Michiel Helvensteijn skrev 2013-10-24 13.43:
> On Thu, Oct 24, 2013 at 10:01 AM, Lars Hellström
> <[log in to unmask]> wrote:
>> An optimal approach for your setting would perhaps be a lazy powerset
>> construction: don't carry it out for a particular state in the DFA until you
>> actually reach that state
during matching (should I perhaps have added for clarity)
>> , but then record the result; matching typically
>> doesn't reach all the states of the DFA, since you don't match against
>> arbitrary data. This, however, assumes that you have some efficient method
>> of memoising the results from lazy computations. (I suppose a family of
>> control sequence names could do the trick.)
> Interesting, I haven't come across the idea of a lazy powerset
> construction before. But I don't think I fully understand what you are
> proposing. Using "a family of csnames" suggests to me the general
> technique of maintaining an input-output table for a pure function.
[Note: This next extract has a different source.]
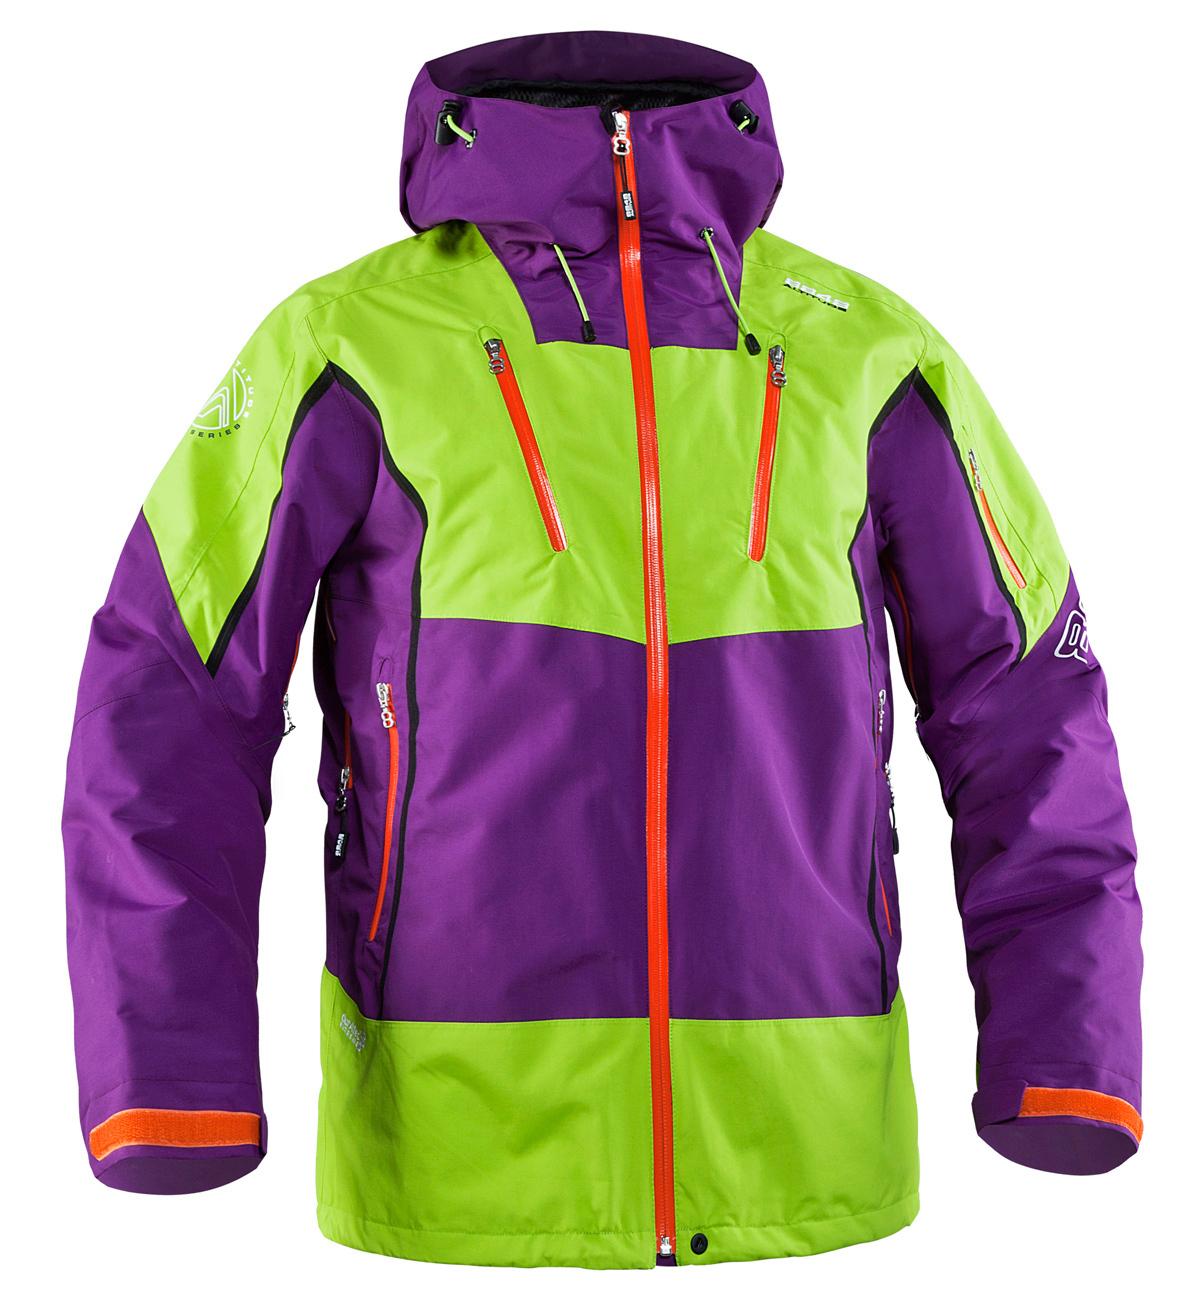 Горнолыжная куртка 8848 Altitude «CURBS»

I was thinking one csname per state of the DFA (subset of states of the
NFA), that in turn acted as a function from input character to new state of
DFA. This should work perfectly well in your one-token-at-a-time setting.
> But that would only memoize exact inputs; variations on the same
> pattern wouldn't get any benefit, and it wouldn't work in my setting
> anyway, where I get one token at a time. My current implementation
> uses a "trie" datastructure, which might be one step better than a
> simple table. But still not good enough by far, I think.
> When I first read the term "lazy powerset construction" in your post,
> I imagined restructuring the automaton on-the-fly somehow, which
> sounded pretty cool.
In my experience, most operations on automata tend to produce automata with
epsilon-transitions, which one then at some cost (not cool) has to get rid
of before executing them. Unless the operation does something even worse to
the state set... :-(
> (2) I would also need the ability to merge new (N|D)FA's into an
> existing one and mark the corresponding accepting states with an
> identifier. I could then query this identifier when a match was found,
> so I could know which original pattern(s) matched.
Doable, but whichever way you do it, you effectively end up executing all
the component automata in parallel. With DFAs, the new state space is the
cartesian product of the component state spaces. With NFAs, you have a set
of active branches for each component automaton. So if you're anyway feeding
data to your automaton one token at a time, then you might as well feed each
token to a sequence of automata instead.